На фоне темных покрывал ее тело казалось роскошно-золотистым. Пол заметил, что каждую ягодицу украшает крошечная ямочка.

— Прекрасно выглядите, синьора Констанца, — парировал он и с наслаждением погладил вожделенные ямочки теплыми сухими пальцами. — Прекраснее, чем когда бы то ни было, если мне позволено подерзить.

Она нежно погладила его по щеке.

— Ты уверен насчет этого?

— Чего?

— Прекрасно знаешь, о чем я… Сначала надо договориться.

— Просто дай насмотреться на тебя.

— Но ты желаешь большего.

Она снова отодвинулась подальше и села, скрестив руки на груди.

— Хочешь знать, смогу ли я заплатить?

— Итак? — Констанца, ничуть не смутившись, вопросительно посмотрела на мужчину.

— Хватит, госпожа? — спросил Пол, показывая ей нечто круглое.

— Что это?

— Драгоценный камень.

— Камень? — Куртизанка притихла. — Что еще за камень?

— Сама посмотри.

Пиндар аккуратно положил на ее протянутую ладонь завернутый в тряпицу кругляш. Фабия держала его, словно не желая прикасаться.

— Не бойся, не укусит, — рассмеялся купец. — Я выиграл его в карты.

Констанца побледнела.

— Не может быть! В карты?

— Да, а что? — Пол озадаченно посмотрел на нее.

— Madonna mia! Поверить не могу! — Констанца осторожно развернула ткань. В полумраке засиял темно-красный огонь. — Ха!

— И все? Это рубин. Очень неплохой. Что в нем ты нашла забавным?

— Я просто на секунду решила, что это… — Женщина прикрыла рот рукой. — Ладно, неважно.

— Что ты подумала?

— Ничего, ничего, правда, — рассмеялась куртизанка. — Просто в последнее время все только о нем и говорят.

— О чем?

— О великолепном алмазе, Голубом Султане, который Зуан Меммо сделал призом в карточной игре.

Закончив фразу, она поняла, что совершила ошибку.

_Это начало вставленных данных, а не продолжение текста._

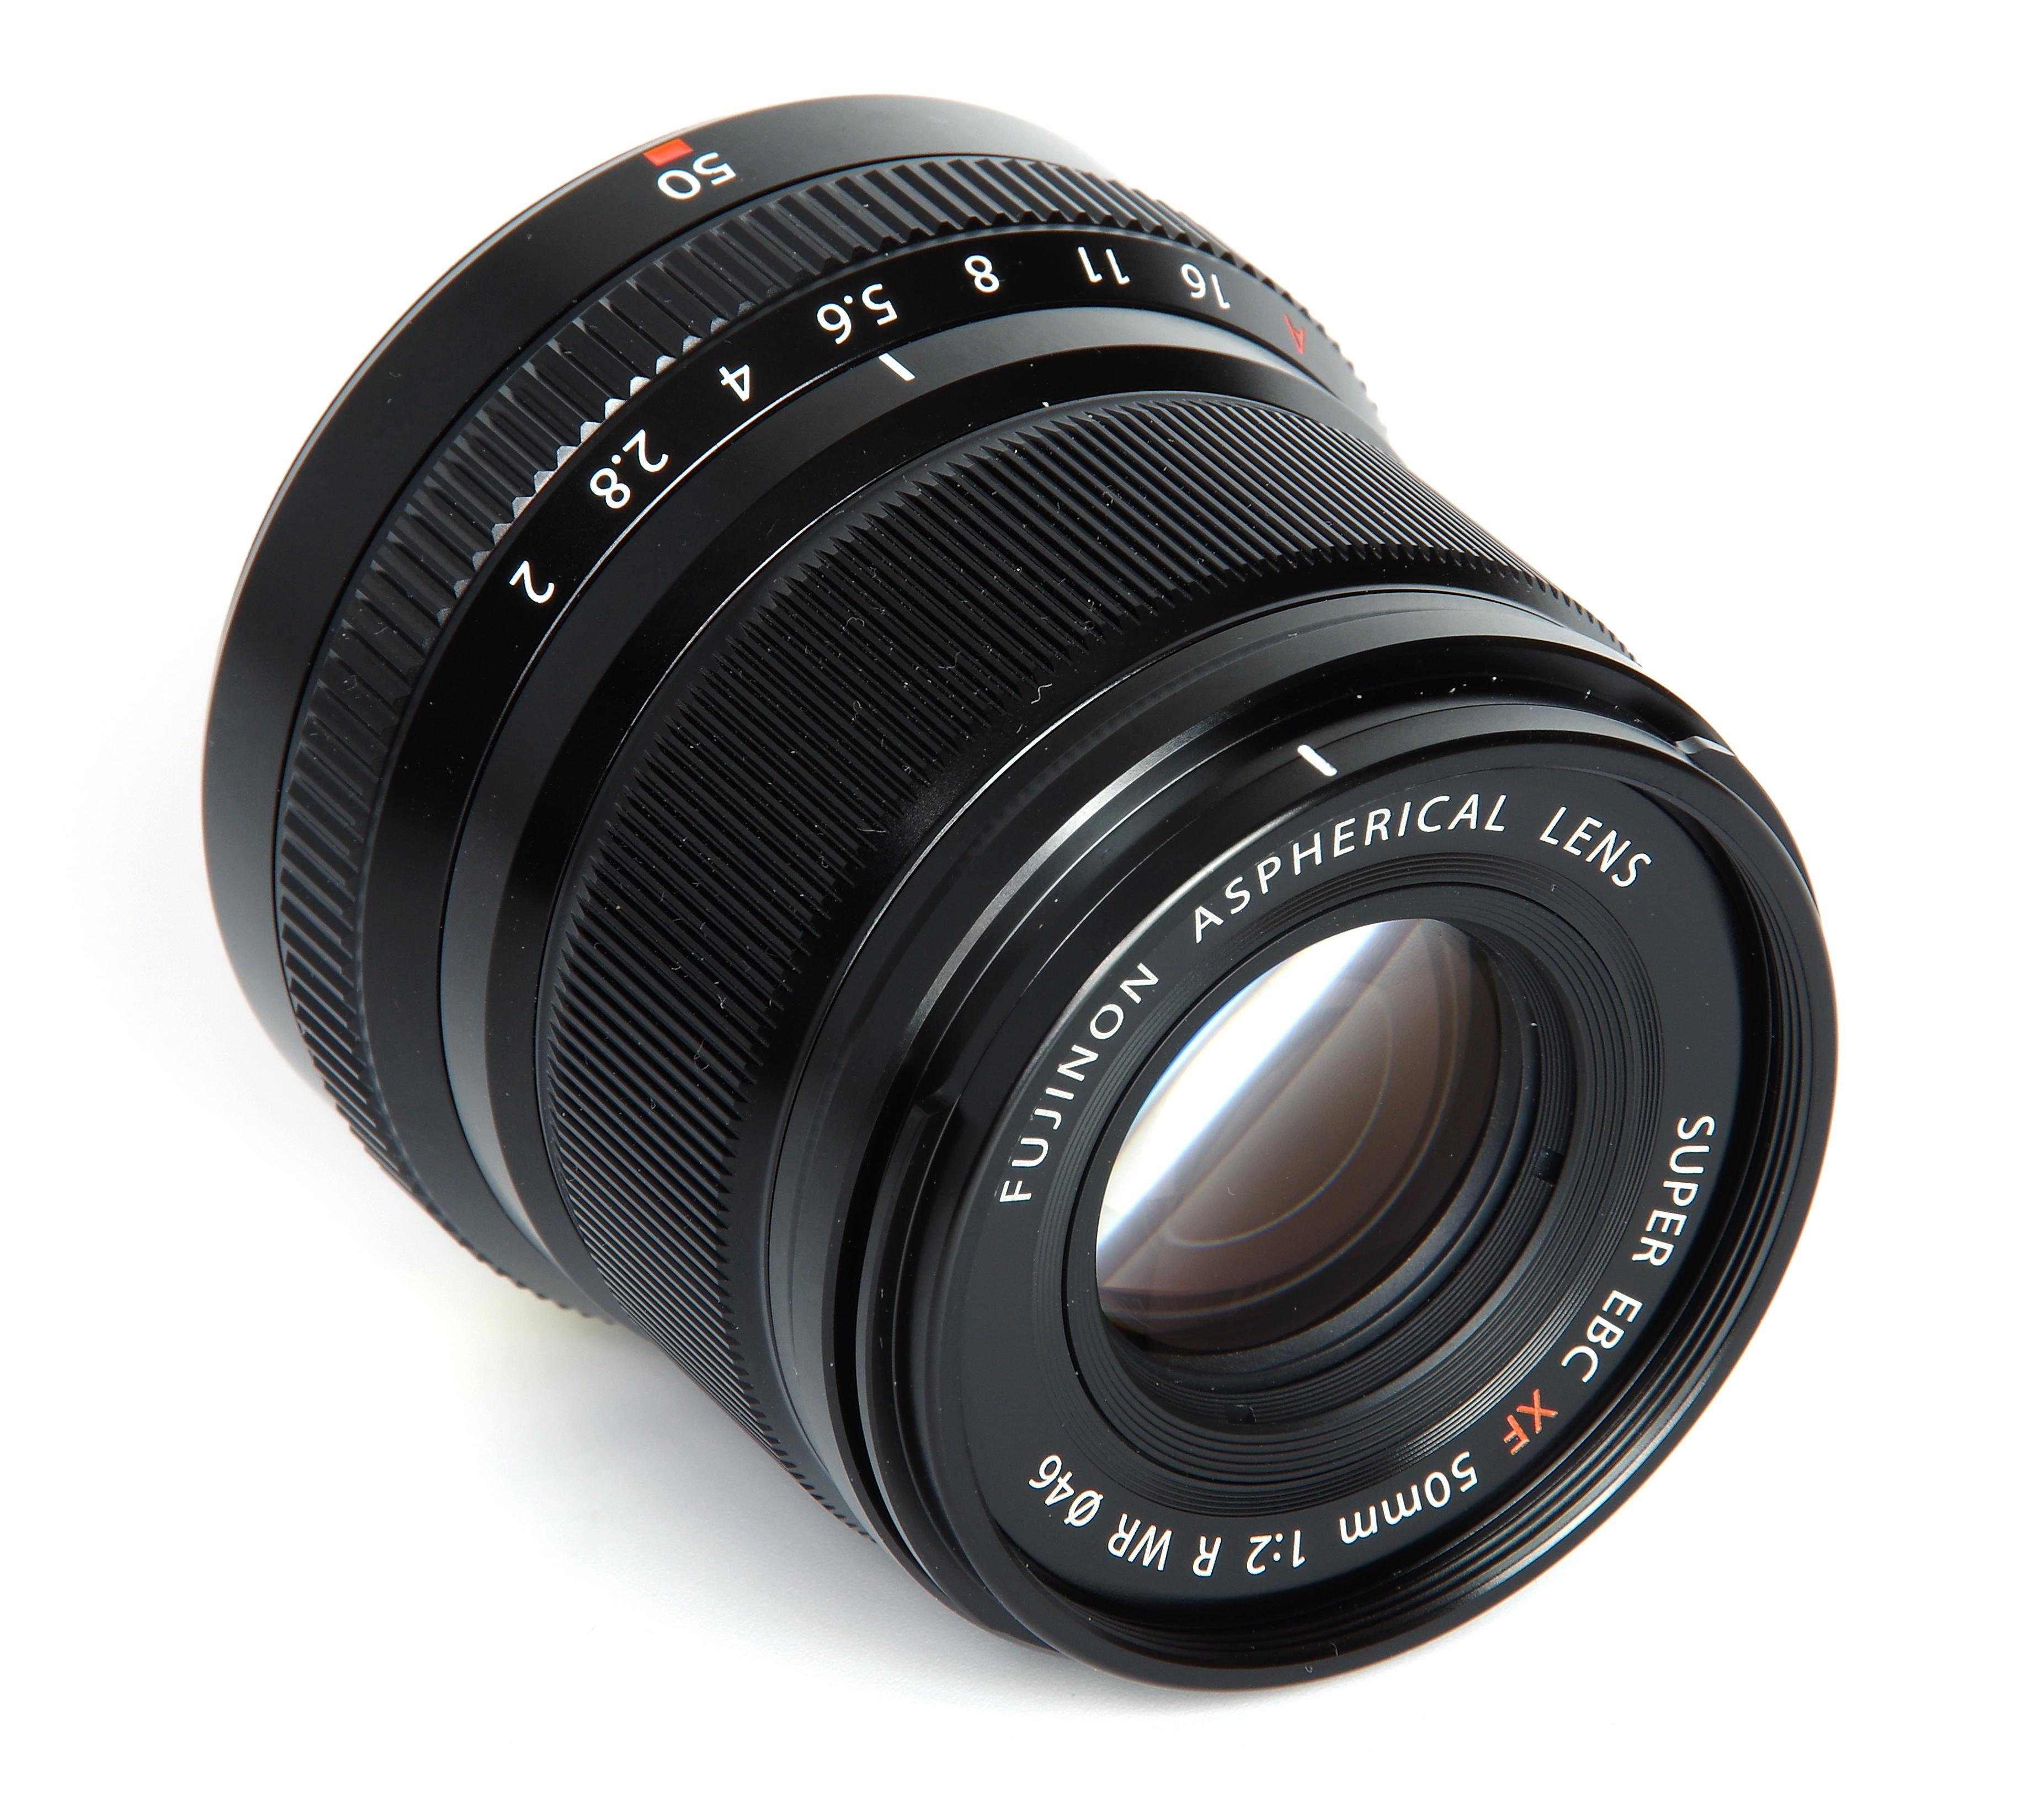 Fujifilm Fujinon XF 50mm f/2 R WR Review | ePHOTOzine

— Алмаз турецкого султана? Ты уверена?

— Султан или шах… То ли на «с», то ли на «ш». Может, его вообще не существует, мало ли какие сплетни на Риальто ходят. А этот вполне реален. — Констанца попыталась сменить тему: подняла камень, чтобы грани засверкали на свету. — Неплохой рубин, плоская огранка. — Она погладила большим пальцем и оценивающе добавила: — Видала и получше, но бывают и намного хуже. А Керью утверждает, что тебе не везет в карты.

— Ну, как сказать… — задумался Пол. — В последнее время меня очень интересуют драгоценные камни.

— Перестань говорить загадками!

— Компания не процветает, как раньше, и на то есть множество причин. А драгоценности всегда в цене.

— Что, расстался с акциями дорогой твоему сердцу Левантийской компании из-за какого-то камня?

— Ты очень сообразительна, синьора Констанца. Нравится подарок?

— Он прекрасен. А цвет… как изысканное красное вино.

— Сегодня отнесу Просперо, он назовет точную стоимость. Знаешь еврея Мендозу?

— Торговца драгоценностями? Ну кто же его не знает.

— Надо расспросить его об этом алмазе.

Пол встал с кровати и подошел к окну. Женщина посмотрела на его ягодицы и подумала: «Все ли англичане такие белокожие?»

Они снова вместе. Он пришел и остался, лежит рядом, как раньше! Душа куртизанки ликовала и пела. Дама отвлеклась от рубина и попыталась сосредоточиться. Надо сказать Пиндару, чтоб и думать забыл об алмазе, предупредить его, как опасно иметь дело с Зуаном Меммо. Но сейчас гораздо важнее не выдать свою радость. Он никогда не узнает, как волнует искушенную соблазнительницу. Матушка научила ее этому много лет назад. Урок обошелся дорого, и Констанца уже не могла иначе. «Что бы ты ни чувствовала к мужчине — желание или отвращение, — никогда не показывай этого. Чувства нужно надежно спрятать за непроницаемой маской куртизанки». Основа основ.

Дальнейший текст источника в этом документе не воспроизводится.